We should not be looking for supernatural remedies to suffering but supernatural uses of suffering. I suppose this is one reason I do not personally expect a miraculous healing. I know God does heal, He does perform miracles, and great glory and witness comes from that. But the one purpose I do cling to is that God is wise and I am to trust Him and turn to Hhim for strength and increased faith. He has been faithful to give me that in abundance and encourage me to ask for more. God restores Job’s wealth not because He is rewarding him for standing firm, but because God delights in giving us good things. Sometimes the good things match what the world thinks is good. Sometimes the good things are a little more subtle and therefore usually more meaningful. Faith, patience, strength, trust, wisdom, love of God – all of these are the gifts He has lavished upon me in this season of suffering.

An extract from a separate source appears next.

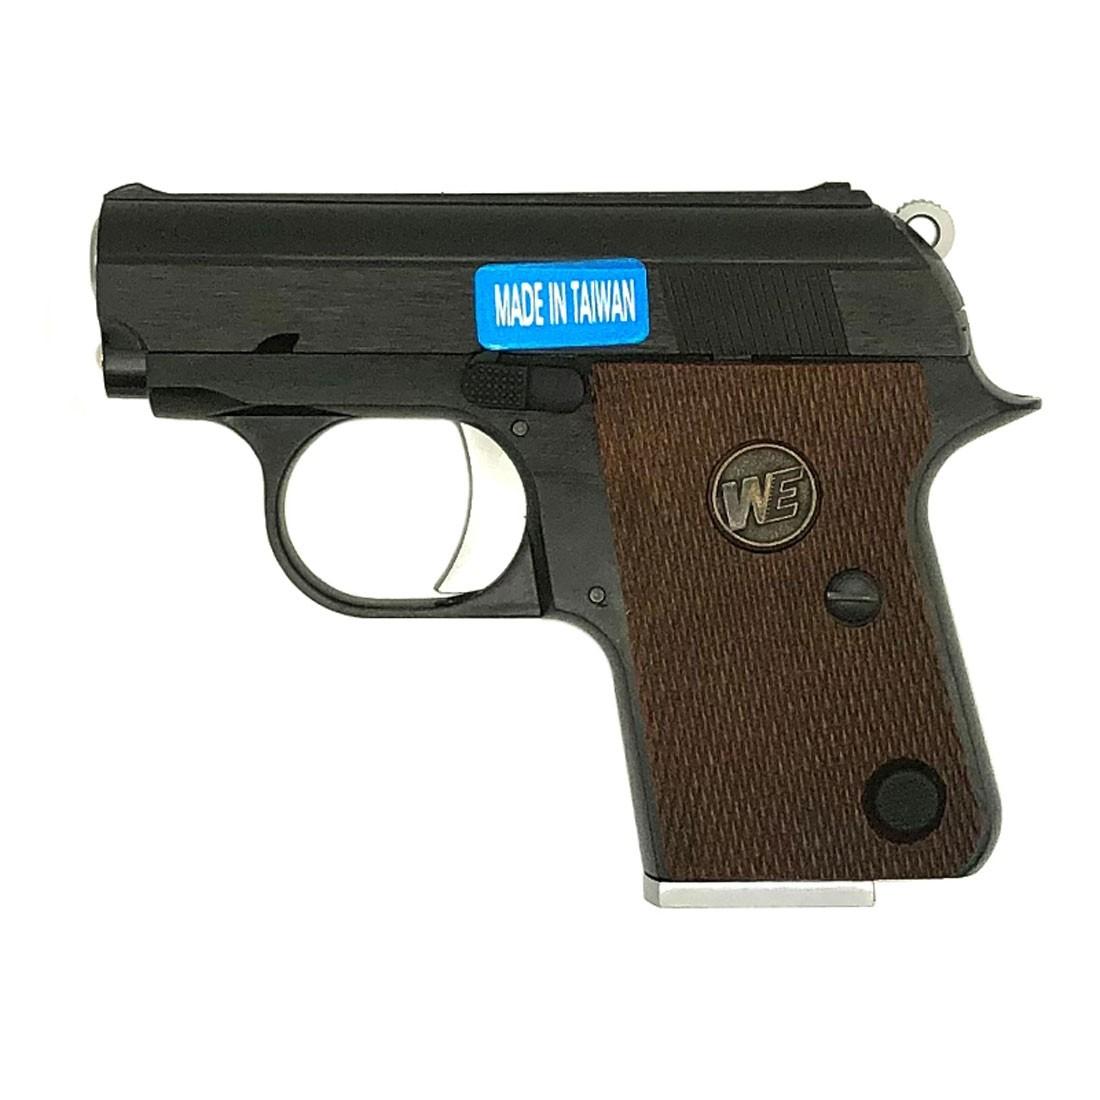 WE Colt 25 Auto CT25 Full Metal Gas Blowback Airsoft Pistol - Black

I want to end with a quote from the book Getting Involved with God:
Those seven days of silence are surely one of the most influential acts of pastoral care ever performed.
Cultivating the habit of silence should be seen as one of the special responsibilities of Christian community in a noisy world. It is a powerful means of fostering mutual encouragement among us, God has entrusted to us one another in this wilderness of pain and doubt.
That week of shared silence is a period of transition for Job. In it he finds the words to speak his whole mind, to admit the pain of all that he has suffered.
First, it means opening up a place for pain to do its work in our lives and then subside. Second, it means speaking honestly of pain, admitting it not just to ourselves but also to God, speaking our suffering as part of the confession of faith. Silence allows pain to penetrate our heart, “deep calling to deep”
Silence comes to us in grief as the comforter of whom we are afraid, for it invites us more deeply into ourselves, into the dark places in which doubts emerge and pain becomes fully perceptible, where loss can no longer be denied.
Silence is the friend who challenges us to be healed when we wish simply to be soothed. It heals us first by making us more empty, carving a space within our hearts, challenging us to-what? Trust that God will use that space and fill it with new life?
No – Job’s story forces us to put the matter more sharply. Trusting God is often a central preoccupation of the biblical writers, but not in this book. Rather, silence pushes Job to challenge God.